Embedding AI Voice Control for Automobiles and More
Sensory Inc. is a leading provider of embedded AI technologies, including voice control in automobiles and consumer electronic products. The company recently demonstrated its TrulyNatural and TrulyHandsfree speech recognition and natural language understanding (NLU) platforms running on the Arm Cortex-M55 processor and Arm Ethos-U55 neural processing unit (NPU). This enables advanced wake words, voice-control, and NLU capabilities on low-power microcontrollers designed for consumer appliances.
Complex deep learning models run quickly and efficiently for speech recognition.
Memory footprint of a microwave language model reduced from 17 MB to 1.6 MB.
Customizable, accurate speech recognition, while adhering to consumer devices constraints.
Creating an Embedded Voice Assistant
Sensory used its VoiceHub tool to rapidly build a compact wake word and large vocabulary language model tailored for appliance voice control. The TrulyNatural speech recognition and NLU engine were optimized to run efficiently on the Alif Semiconductor Ensemble E3 SoC, which is powered by Arm Cortex-M55 and Arm Ethos-U55. All data stays on device, helping to ensure absolute data privacy for system users . The model can run effectively on the Cortex-M55 alone, but Sensory wanted to increase efficiency by using it with the Ethos-U55. Key optimizations included:
- Partitioning workloads across the Cortex-M55 and Ethos-U55 to maximize throughput. Speech recognition runs primarily on the Ethos-U55, with the Cortex-M55 handling text processing and intent determination.
- Accelerating machine learning functions within the Cortex-M55 with Arm Helium to reduce power consumption for always-on wake word detection.
- Optimizing memory usage and network architectures to minimize bandwidth needs for the Cortex-M55 core.
- Reducing model size using Ethos-U55 native support for INT8 quantization and sparsity. This was critical for fitting into the memory-constrained environment of a microcontroller
These software optimizations allowed the advanced TrulyNatural engine to run smoothly on the Arm Cortex-M55 and Ethos-U55 accelerator on Alif’s Ensemble E3 platform.
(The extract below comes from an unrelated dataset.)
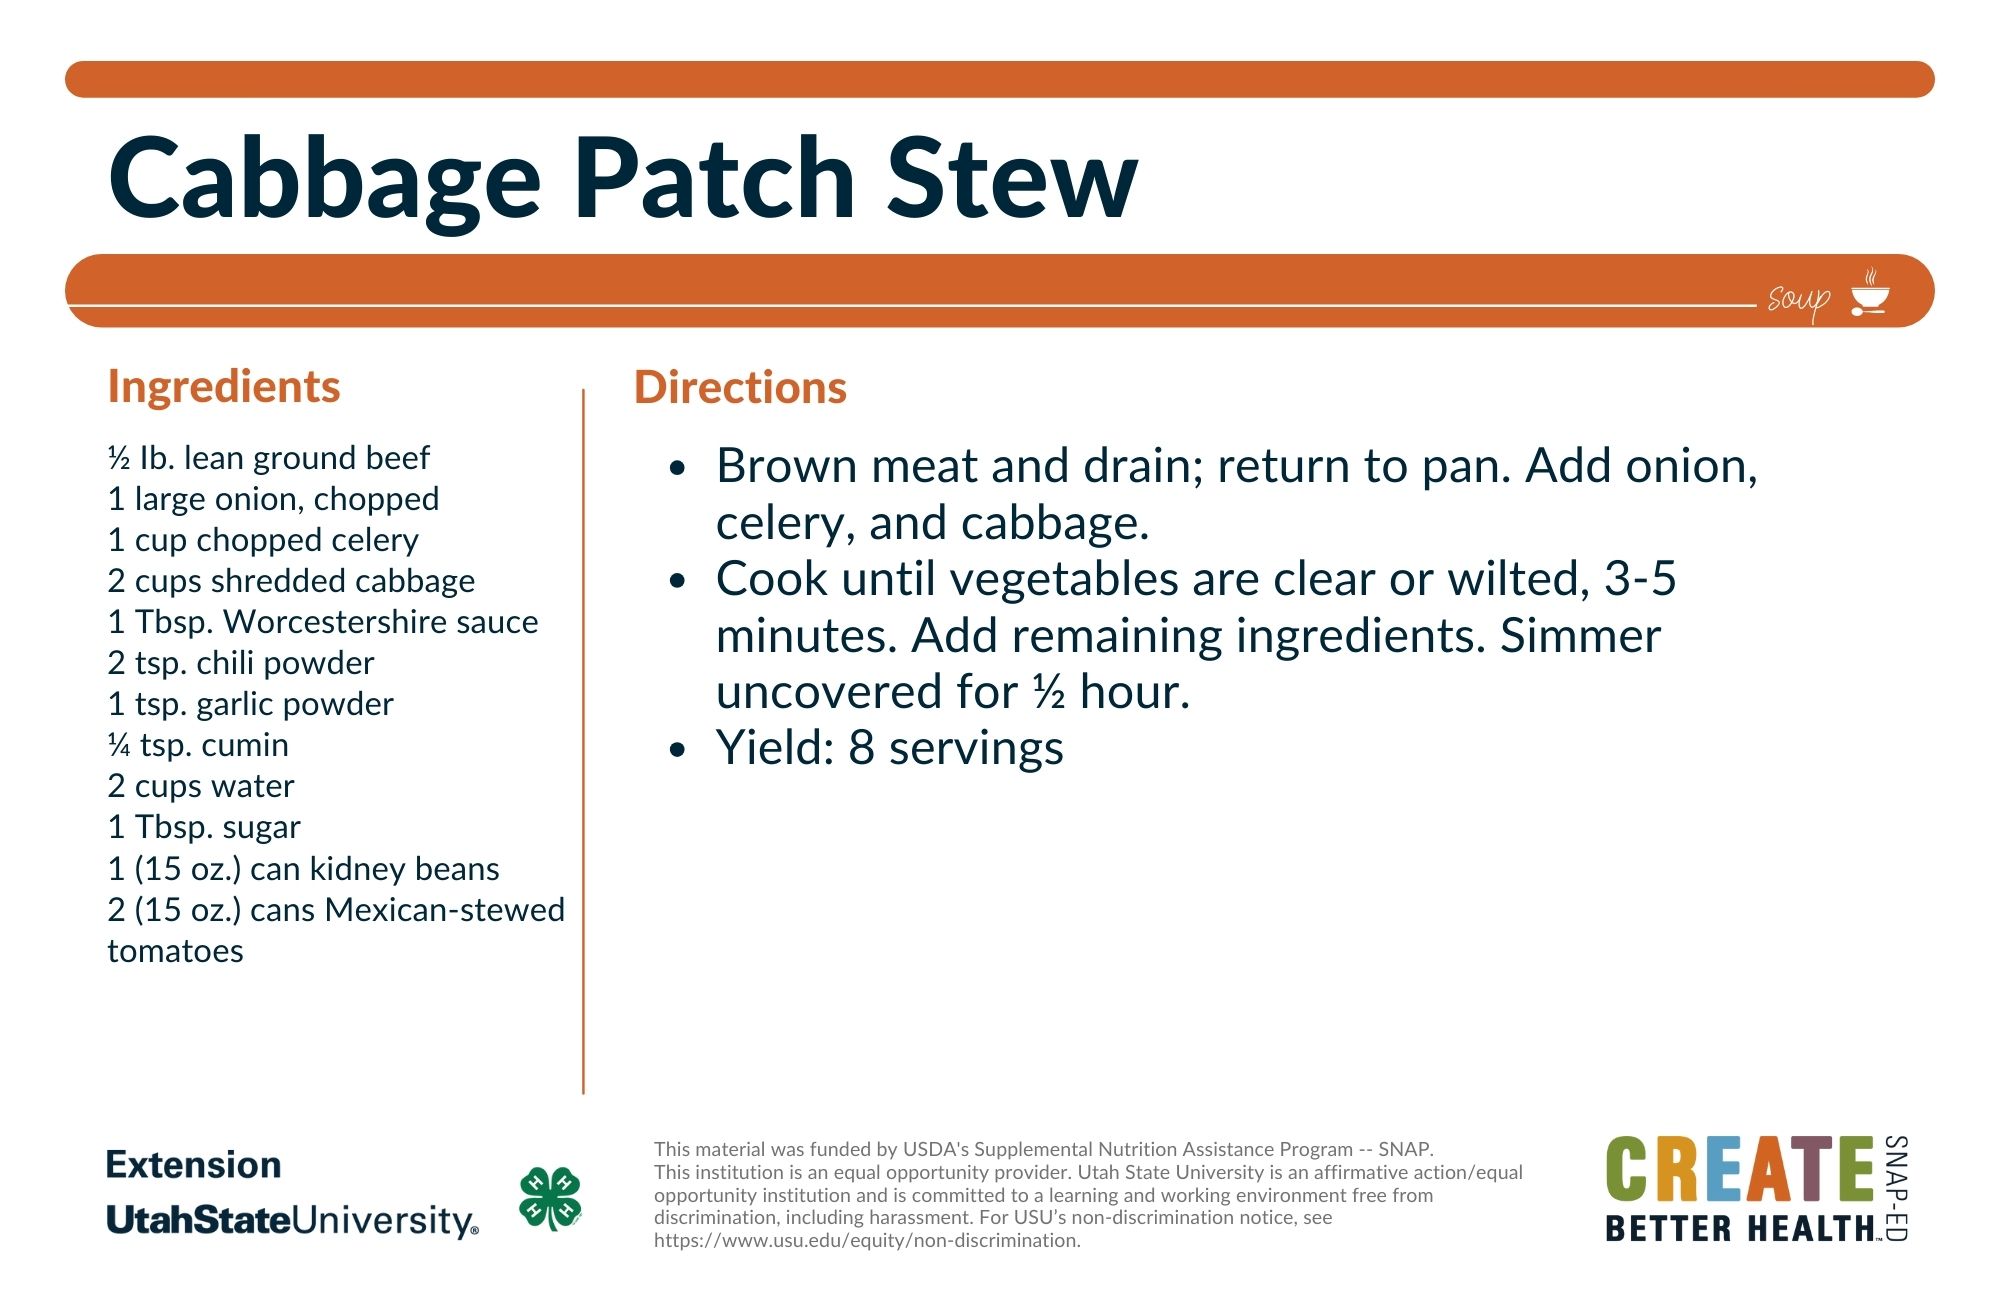 Cabbage beef stew recipe card

The solution provides customizable, accurate speech recognition and understanding, while adhering to the tight performance constraints of consumer devices.
Discover the Real-World Impact of Edge AI
Explore in-depth use cases that show how edge AI is powering the next generation of IoT, solving real-world problems, driving faster decisions, and lowering costs through smarter operations right at the device level.
- Sensory delivers embedded voice assistants using Arm-based processors for offline, private control.
- Arm Cortex-M55 and Ethos-U55 powered speech models with no need for cloud connectivity.
- Arm quantization and Helium optimizations reduced model size from 17 MB to 1.6 MB.
- Sensory used Arm tools to partition workloads and improve speed, power, and responsiveness.
- Arm enabled Sensory to deliver fast, private voice control within microcontroller constraints.